When their passion is at last ended, Radha begs Krishna to help her with her toilet.

She said to the joy of her heart,
Adorn the curl on my brow which puts the lotus to shame, my spotless brow,
Make a beautiful spot on my forehead, a spot with the paste of the sandal,
O giver of pride, on my tresses, untidy now on account of desire, place flowers,
Place on my hips the girdle, the clothes and the jewels, Cover my beautiful loins, luscious and firm, the cavern of Love to be feared.
Make a pattern upon my breasts and a picture on my cheeks and fasten over my loins a girdle,
Bind my masses of hair with a beautiful garland and place many bracelets upon my hands and jewelled anklets upon my feet.

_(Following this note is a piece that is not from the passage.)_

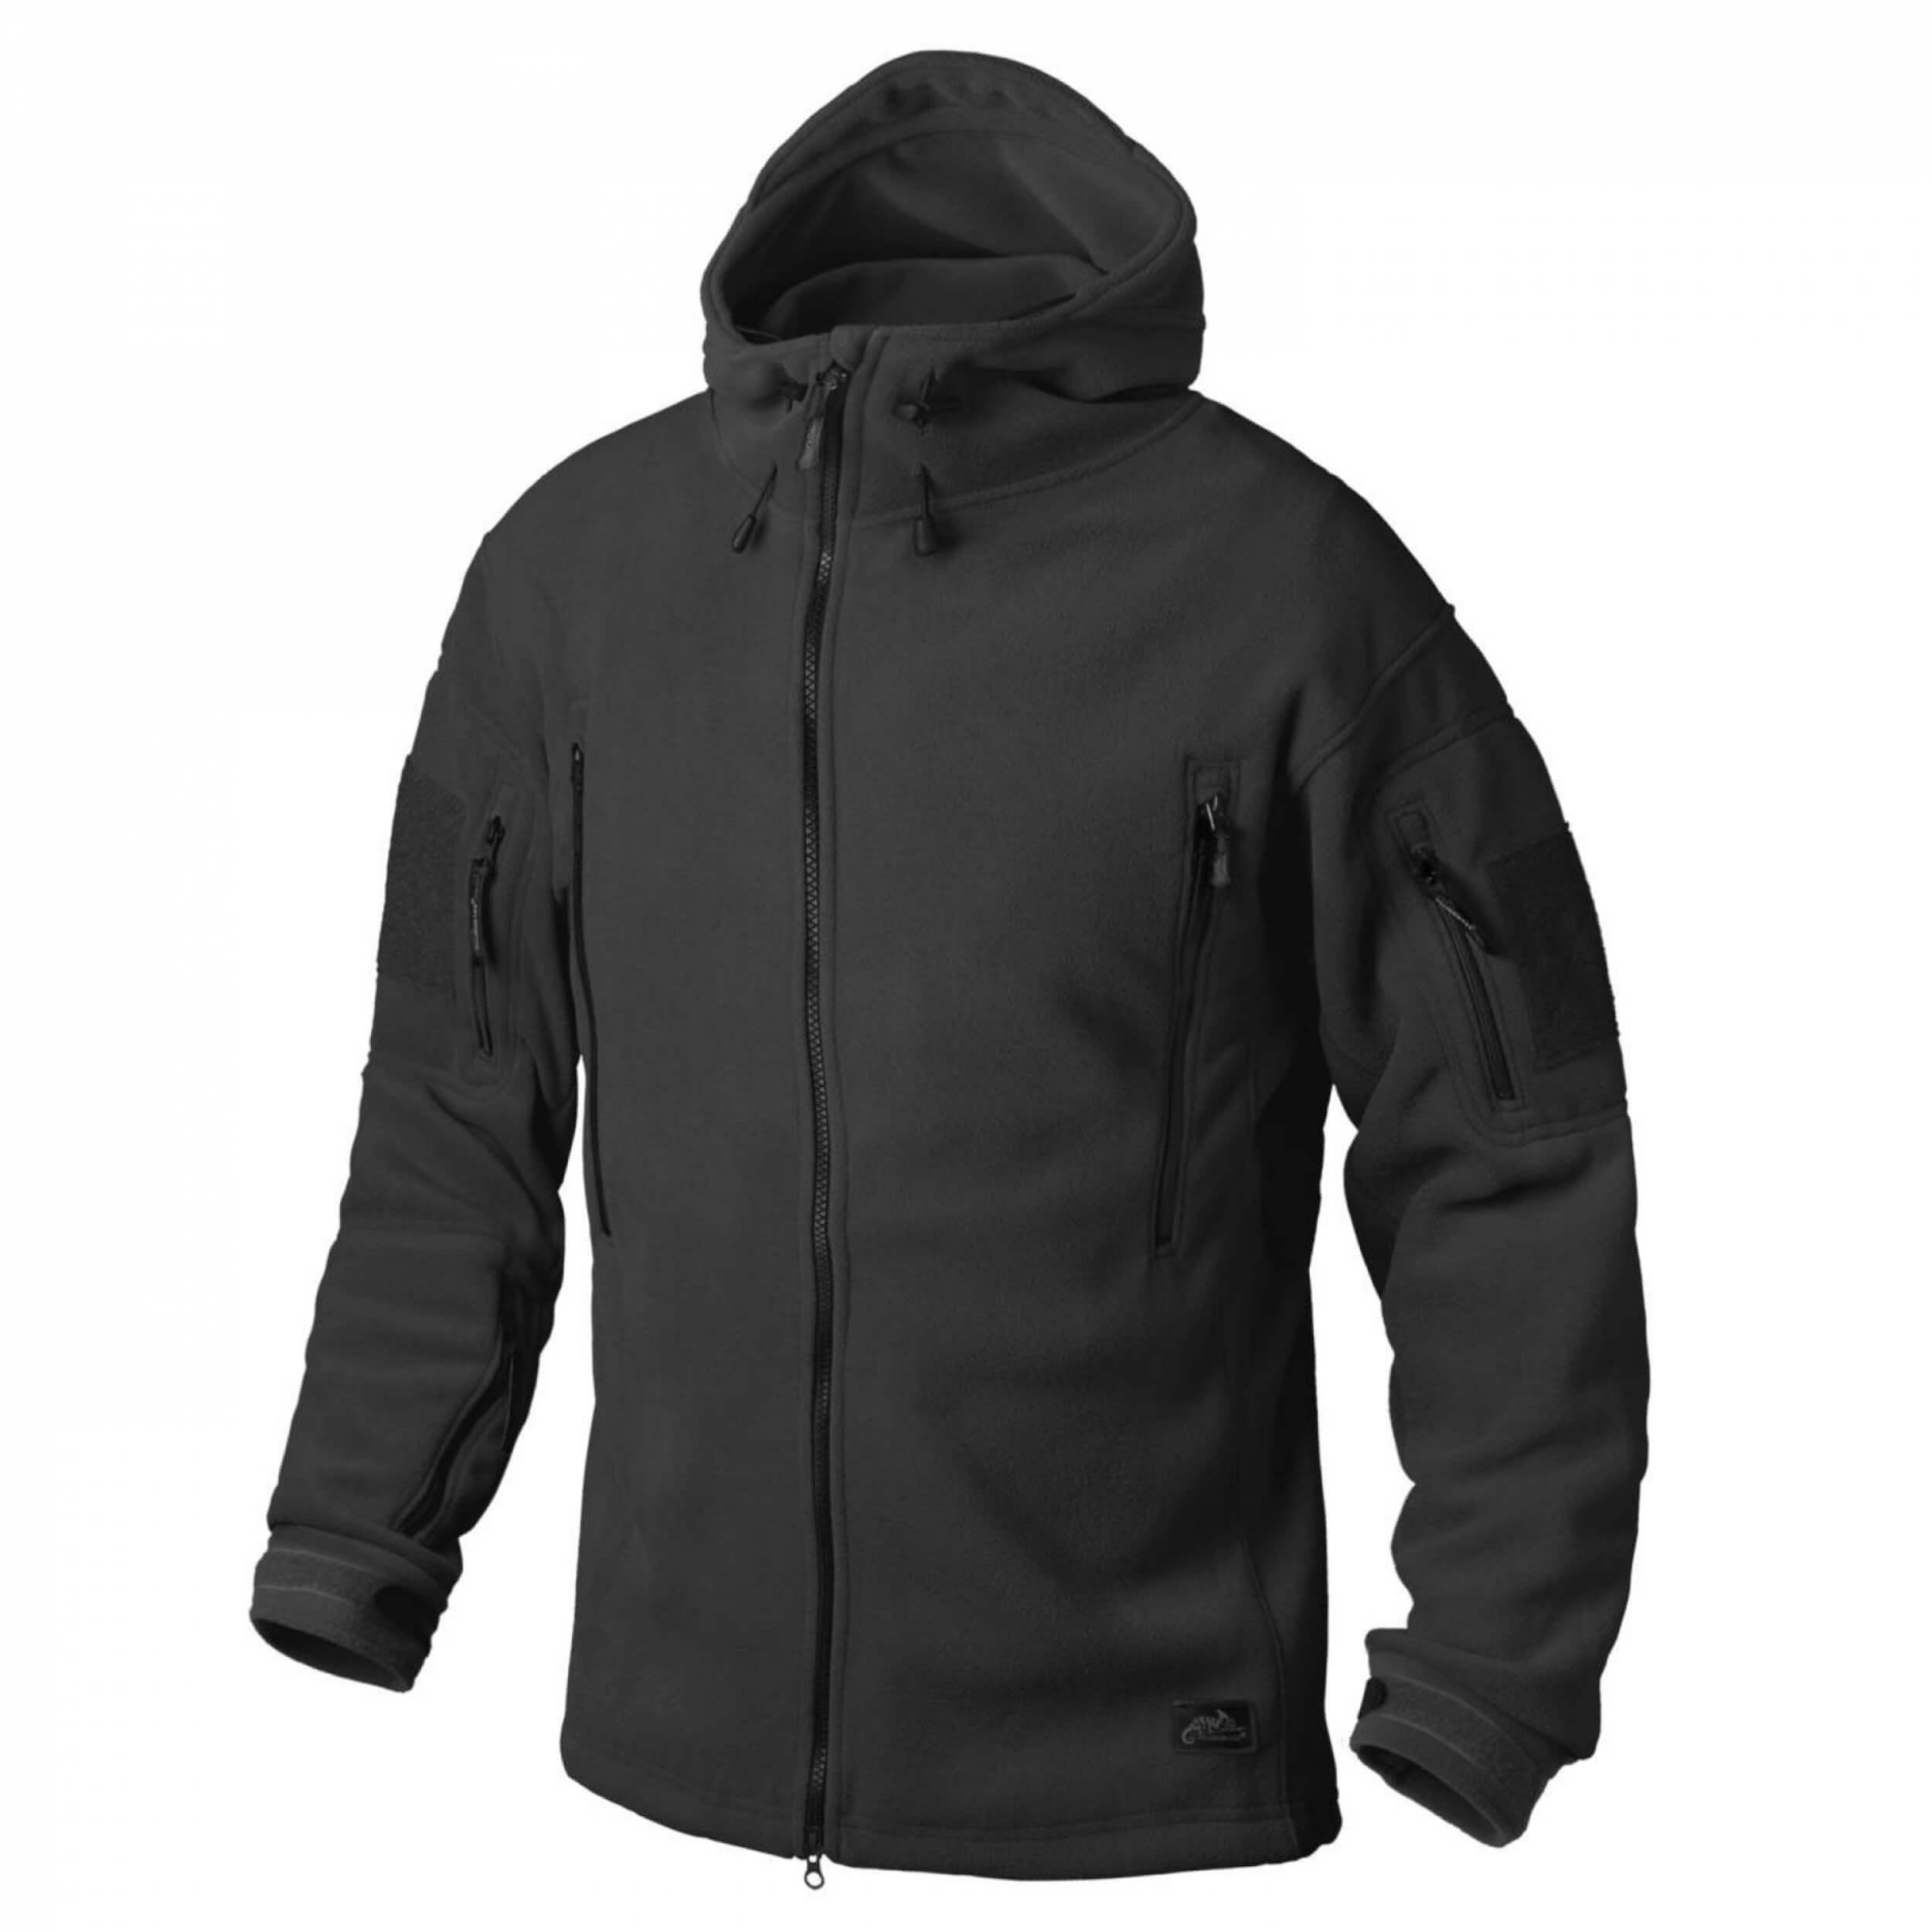 Helikon-Tex Patriot Jacke - Double Fleece black

Krishna does so and with a final celebration of Krishna as God and of the song itself–its words ‘sweeter than sugar, like love’s own glorious flavour’–the poem ends.

[Footnote 51: Note 18.]

[Footnote 52: Plate 20.]

[Footnote 53: Plates 21 and 22.]

[Footnote 54: Note 19.]

[Footnote 55: Plate 23.]

[Footnote 56: Plate 24.]

[Footnote 57: Plate 25.]

[Footnote 58: Plate 26.]

[Footnote 59: Plate 27.]

(iii) Later Poetry

Jayadeva’s poem quickly achieved renown in Northern and Western India and from the early thirteenth century became a leading model for all poets who were enthralled by Krishna as God and lover. In Western India, Bilvamangala, a poet of Malabar, composed a whole galaxy of Krishna songs, his poem, the _Balagopala Stuti_ (The Childhood of Krishna) earning for him the title ‘the Jayadeva of the South.’ But it is during the fifteenth and sixteenth centuries that the most important developments occurred. In Bengal, the poets Vidyapati and Chandi Das flourished in about the year 1420, while in Western India, Mira Bai, a local princess, began a wide-spread popular movement. Mira Bai was followed by Vallabhacharya (born 1478) who in turn inspired four poet disciples–Krishna Das, Sur Das, Parmanand Das and Kumbhan Das. All these were at their height in the middle of the sixteenth century, writing Hindi poems in which Radha’s adventures with Krishna and their rapturous love-making were devotedly described.[60]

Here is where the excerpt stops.